Erik gave me a rundown of the basics on the sand. At the time, only two other people were in the channel with us. There was a buzz of energy between the water and myself with every stroke I took, energy that both calmed and excited me.
My eyes moved from my white surfboard to the blue-green water, to the towering hillside in front of us, covered with flowing grass and redwood trees. Sitting on my craft, I almost felt like I didn’t deserve the sights of this hidden paradise.
“Zach, this one’s you!” I heard from behind me. I looked back and saw a mass of water about two feet tall and fifty feet wide rolling towards me. I laid down on my board and paddled as hard as I could towards shore. Seconds later, I felt my body lift and move quickly down the face of the wave. I raised my chest off the board, swung my front foot up, and fell off into the water.
Suddenly I was back in my dream again, seeing blue water all around me, serene yet unyieldingly powerful. Though this time, as I emerged, I found myself staring up at the beautiful sky with the sun spilling over mountains. I clambered back onto my board, heaving as much air as I could through my Cheshire cat grin. I hadn’t even ridden a wave and I already knew that I belonged.

Something magical happens when you’re riding a wave. Time seems to slow down as you observe every little ripple and texture on the wave’s surface. To ride the wave best, you must completely intonate yourself with the changing face and draw lines that allow you to harness the wave’s energy to its fullest.
I can only compare this intense state of flow to the one I experience when I am playing jazz on stage with musicians of the highest reactivity and compassion. I lose sense of self, future, past, and present and see the perfect notes to play in what seems likes minutes before I actually play them. When I’m riding my best waves, I visualize the line I need to draw. I shift my weight and make subtle changes to my trajectory as the thrill and speed send my mind into a buzzing state of bliss.
When I need answers and can’t seem to find them, I know that if I head to Bolinas, by the time I’m back on shore I’ll at least know which direction I need to start walking in.

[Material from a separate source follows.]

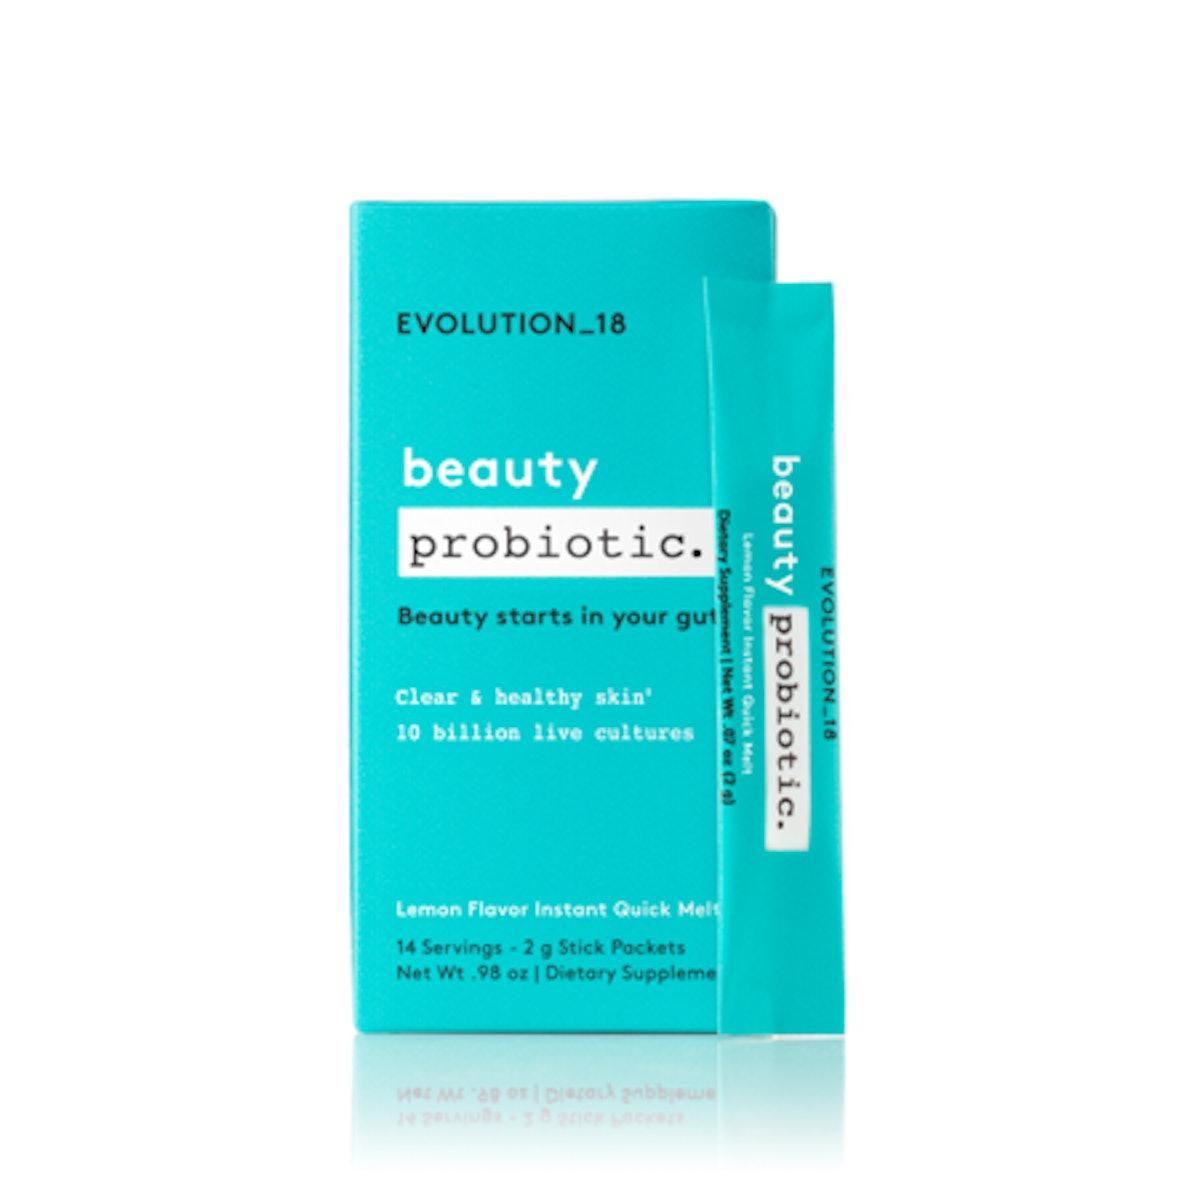 EVOLUTION_18 Probiotic Beauty Blend Quick Melt, Lemon, 14 Servings

The more I surf, the more I can bring with me the commitment, release, focus, and gratitude for the waves, real or metaphorical, that life blesses me with everyday. My near daily interactions with seals, kelp, fish and healing water have bred a personal need to protect the ocean, the body which gives us oxygen, food, and everything else that this uniquely habitable planet provides. I have met some of the best people I know suiting up in the parking lot, or out in the lineup sharing the gratefulness and stoke for my favorite tubular manifestation of the Earth’s energy. As my good friend David once put it, “When you paddle out, you have to leave everything on shore.” And when I reach land again, I always seem to find myself filled with gratitude for it all.